Но едва, они миновали крайнюю хижину, пес куда-то пропал, видимо не желая связываться с метными собаками. А вошедшая в деревню процессия сразу же нарушила ход ее обыденной жизни. Из хижин и загонов для скота, бросая все свои дела, к ним выходили люди и шли кто рядом с носилками, кто позади них. Тихо причитали женщины, угрюмо молчали мужчины, иногда перебрасываясь скупыми словами.

Деревня уже знала, что оборотень растерзал отца Фарфа и, почему-то, винила в этом замок. Из тихих разговоров и перешептываний Ника поняла, что и в этих, глухих приграничных землях, здешнее общество было разделено на “верхнее” и “нижнее”. В замке обитали “верхние”. Здесь не говорили, что вот он из замка, а что он “с верха”. К “нижним” относилась деревня с ее жителями.

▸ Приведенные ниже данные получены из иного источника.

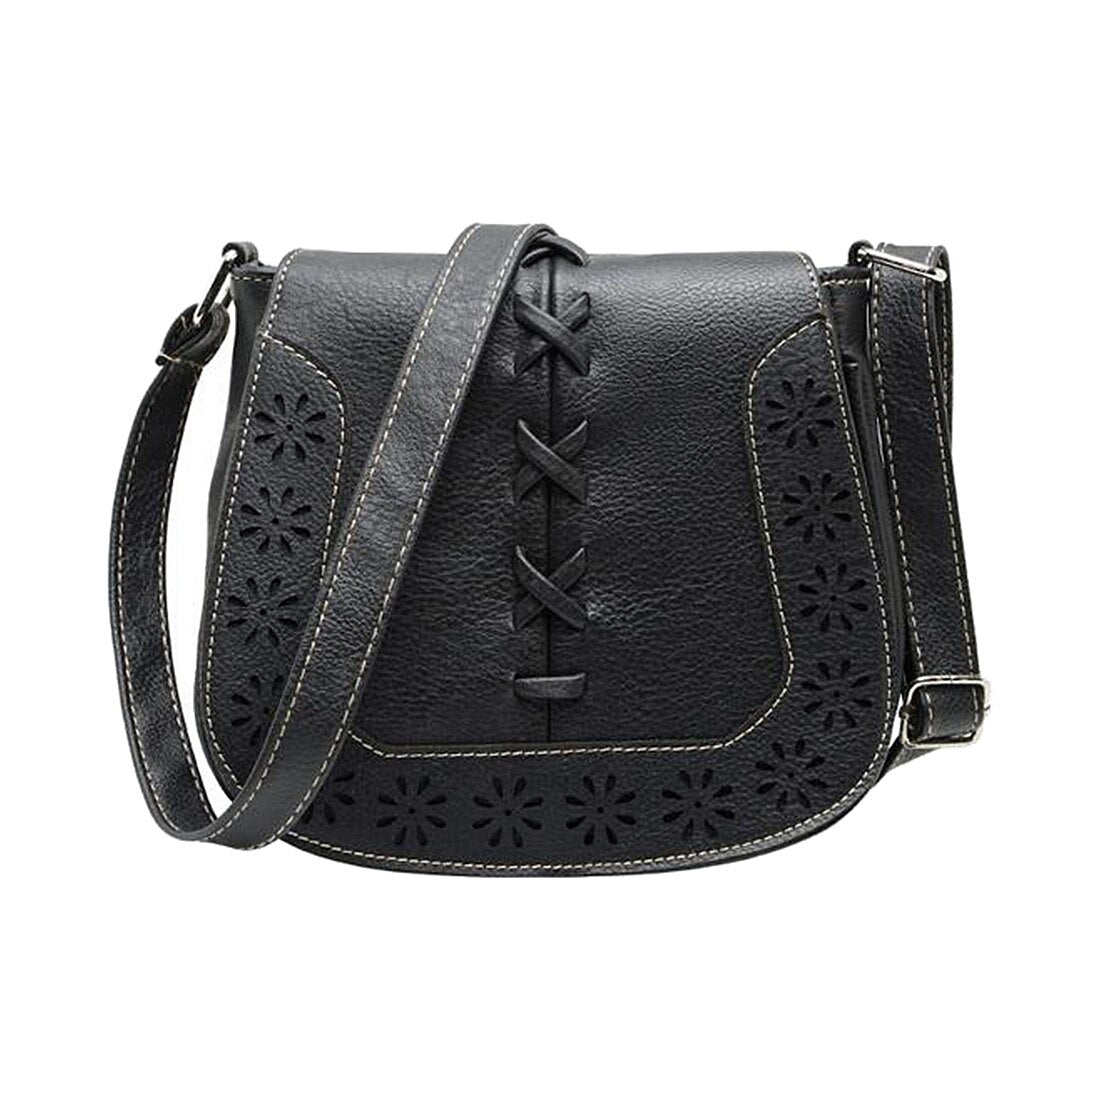 Hot Fashion Women Leather Handbags Retro Hollow Out Crossbody Shoulder Bag Hollow Out Lady Vintage Bag bags Black - ebowsos
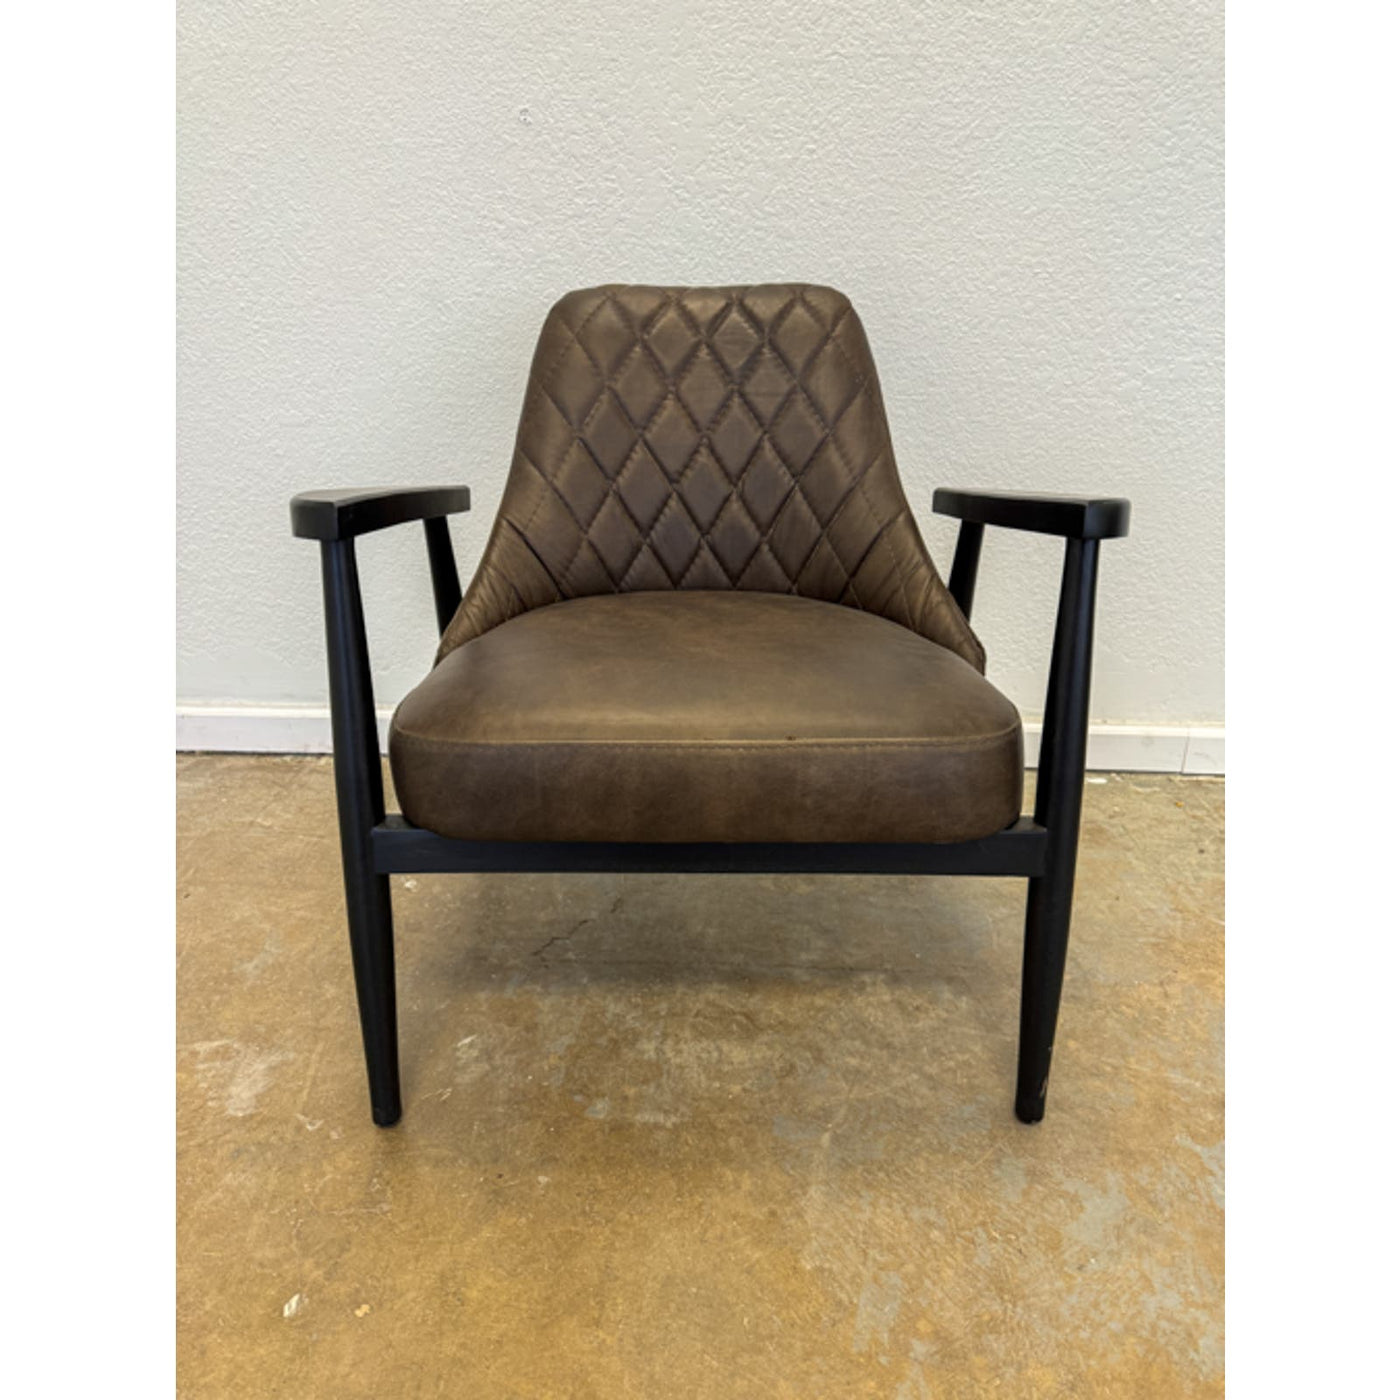 Artrageous Modern Furnishings Chair

Но “верхние” и “нижние” всегда объединялись против своего общего врага — орков и варваров, нашествие которых отражали сообща. И всегда, в случае неожиданного нападения, замок укрывал за своими стенами “нижних”, но в обычное время “верхние” и “нижние” держались обособленно друг от друга. И Ника понимала, что с нею в деревне не будут откровенничать только по тому, что она “с верха”. А если и пойдут навстречу, то скорей всего из-за того, что и в замке она была чужой.

Решив, что тело Фарфа несут к храму, Ника удивилась когда мужчины остановились у кузницы, опустив носилки на землю. Под навесом их ждал кузнец, позади него стоял Ральф, выглядывая из-за плеча отца. Сняв прожженные рукавицы и молча отшвырнув их в сторону, кузнец подошел к носилкам и склонившись над ними, приподнял плащ. Он долго смотрел на священника, потом выпрямился и оглядел обступивших его односельчан.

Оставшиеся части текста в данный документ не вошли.